The script was written by a pair of talented writers; Larry Levin and John Hamburg. Levin has worked mostly on television with screenplays for series including ‘’Seinfeld’ and ‘Garry Shandling's Show.’ as well as two of the Dr. Doolittle franchise. Hamburg, who also directed, also worked on TV with cult favorite show like ‘Stella’ and ‘Undeclared’. The script here may on the surface appear to be a standard rom-com slightly re-tooled to a bromance premise. I’ve heard some remarks that site this as a negative but actually it work in favor of the film. This adds a subtle level of parody to the mix that greatly increases the entertainment factor. What matters most for a story like this is to provide a platform for the chemistry of the leads to shine through. In this case it refers to Paul Rudd and Jason Segel who have worked extremely well previously in ‘Forgetting Sarah Marshall and ‘Knocked Up’. The screenplay here makes very good use of the way these two men interact while showing the on screen bromance as far from perfect. It is as clumsy and awkward as the tradition man-woman pairing depicted in every other romantic comedy ever made. This is a primary reason why this movie is so enjoyable. It takes a new, trendy concept and juxtaposes it against a traditional background.

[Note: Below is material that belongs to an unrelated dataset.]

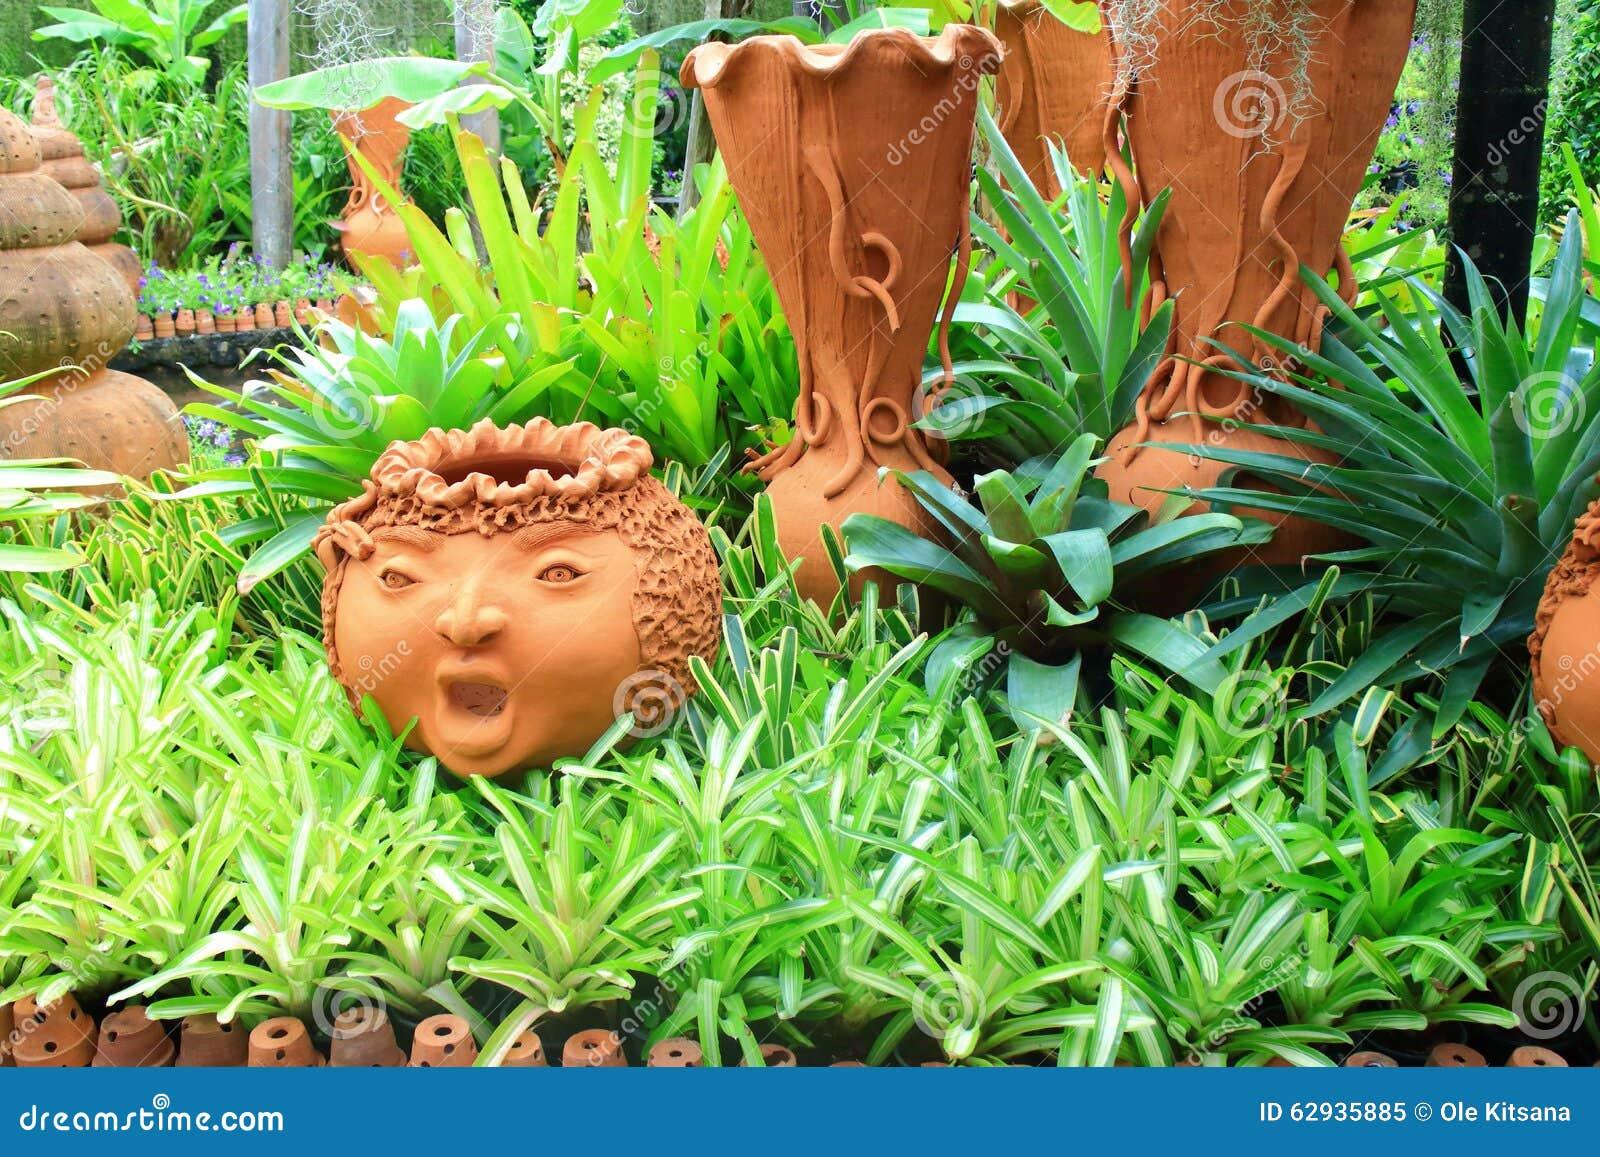 grande poterie de jardin poterie terre cuite fonce poterie terre cuite fonc poterie de jardin. Black Bedroom Furniture Sets. Home Design Ideas

As the director Hamburg exhibits a light touch here. He aptly avoids over directing trusting the talents of his cast to carry the film. Typically, a comedy that is completely dependent on a situation has to run that gag into the ground getting the most mileage possible. This movie is a showcase for two very funny comedians who have honed their timing down to near perfection. It does have its share of male oriented gross out sight gags and the requisite language, sexual inferences and juvenile gags for an ‘R’ rated comedy yet it comes across as funnier than any high school or frat guy flick in recent years. You might think that one departure from the regular romantic flick would be in at the end but this one does conclude at the altar. Even with a good deal of predictability present Hamburg still mangers to infuse a light hearted freshness to the proceeding. The story focuses on the protagonist Peter Klaven (Paul Rudd) an upcoming real estate agent who has always seemed to have female friends instead of bonding with other guys. When he becomes engaged to Zooey Rice (Rashida Jones) it becomes obvious that there is no one suitable as a best man. When Peter over hears Zooey and her friends Hailey (Sarah Burns) and Denise (Jaime Pressly) discussing his dilemma he decides to go out and find a male best friend. Initially he turns to his gay younger brother Robbie (Andy Samberg) without much success. After several disastrous attempts at a few ‘man-dates’ he meets Sydney Fife (Jason Segel) at an open house. They immediately bond over the farts of another buying and go through the new ritual of exchanging business cards. When a loan enters the picture Peter breaks up with Sydney and becomes estranged with Zooey but all is set right before the closing credits.
The film is very funny even though it seems like a bizarre hybrid of ‘Lifetime’ and ‘Spike’ cable network. At least it is a date flick that will entertain both genders.